Pictures aside, write out the data exactly as it reads.

INPUT DATA section start

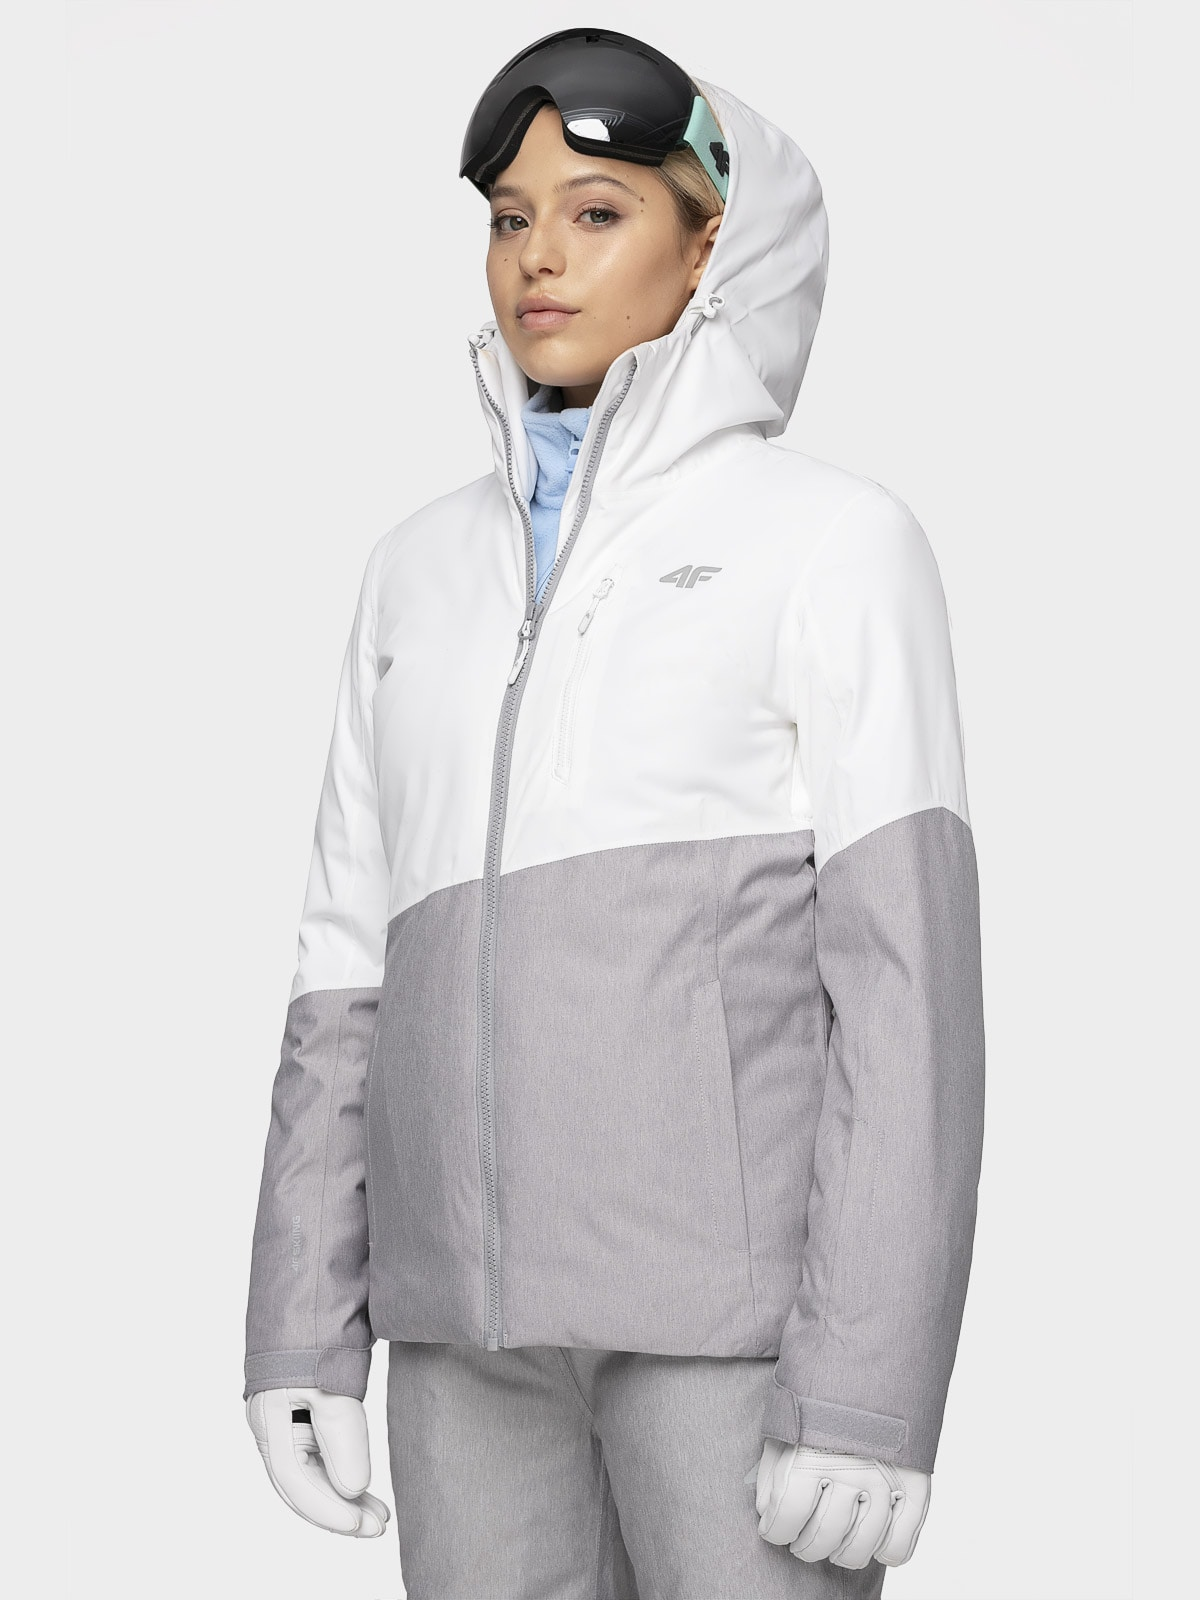 Kurtka narciarska damska KUDN303 - biały
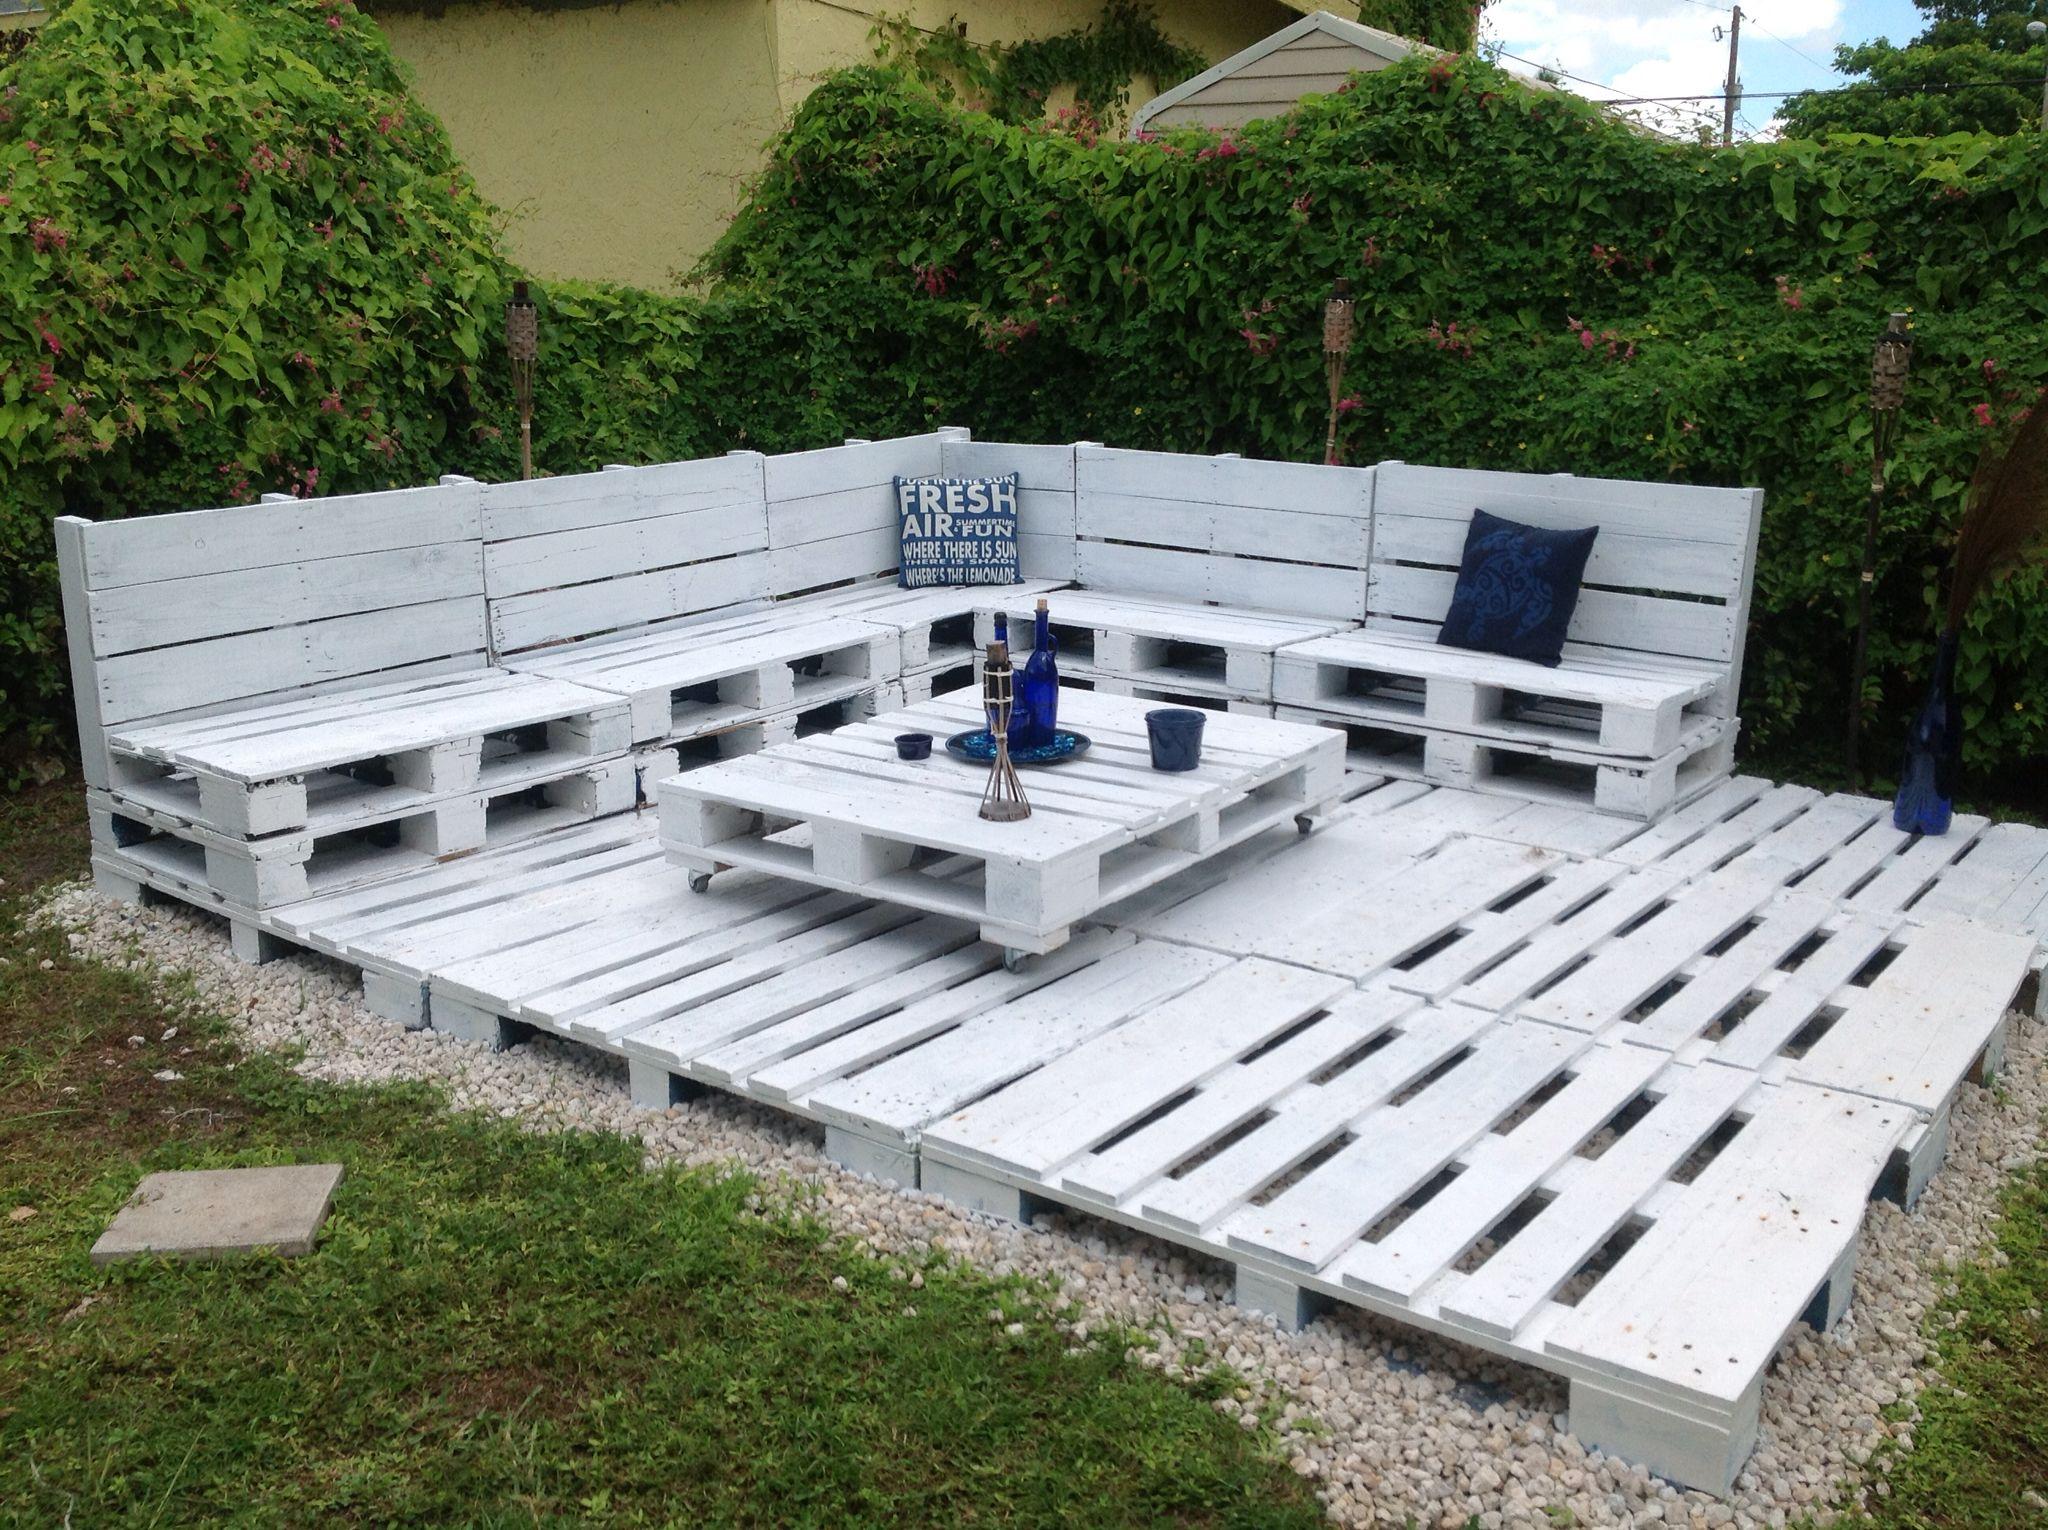 Mobili Da Giardino Con Pallet in 2020 (with images)
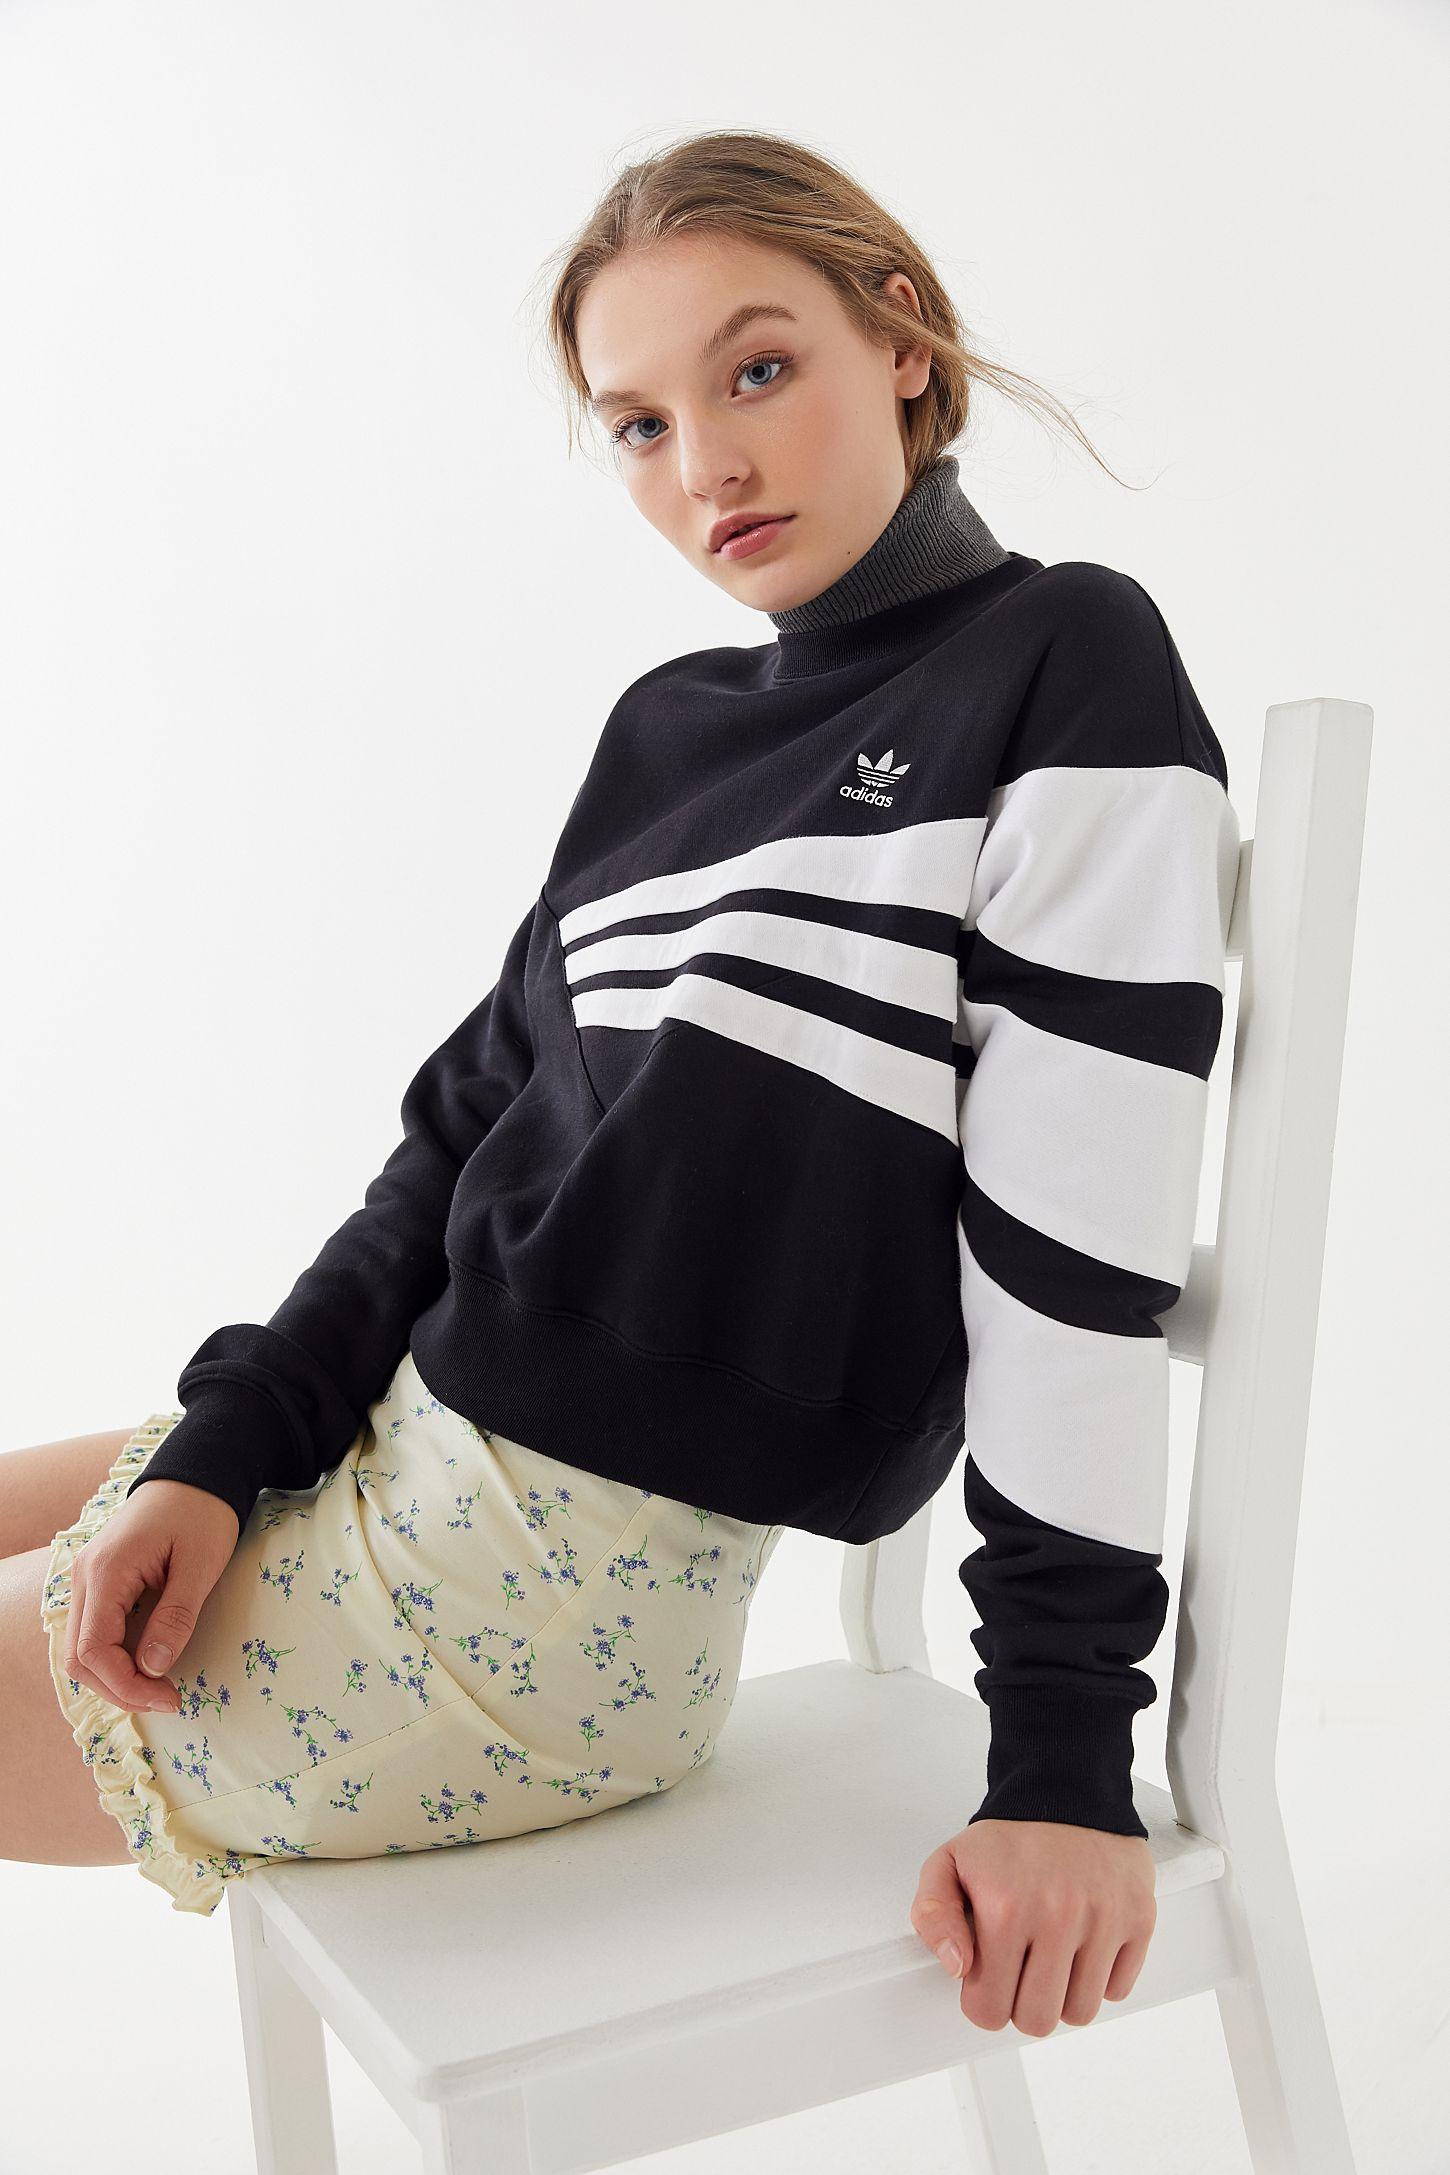 d9a61c1b746 adidas Geometric 3-Stripes Cropped Sweatshirt | Urban Outfitters Canada

INPUT DATA section end

RESULT FOR THIS TASK:
 Kurtka narciarska damska KUDN303 - biały
 Mobili Da Giardino Con Pallet in 2020 (with images)
 d9a61c1b746 adidas Geometric 3-Stripes Cropped Sweatshirt | Urban Outfitters Canada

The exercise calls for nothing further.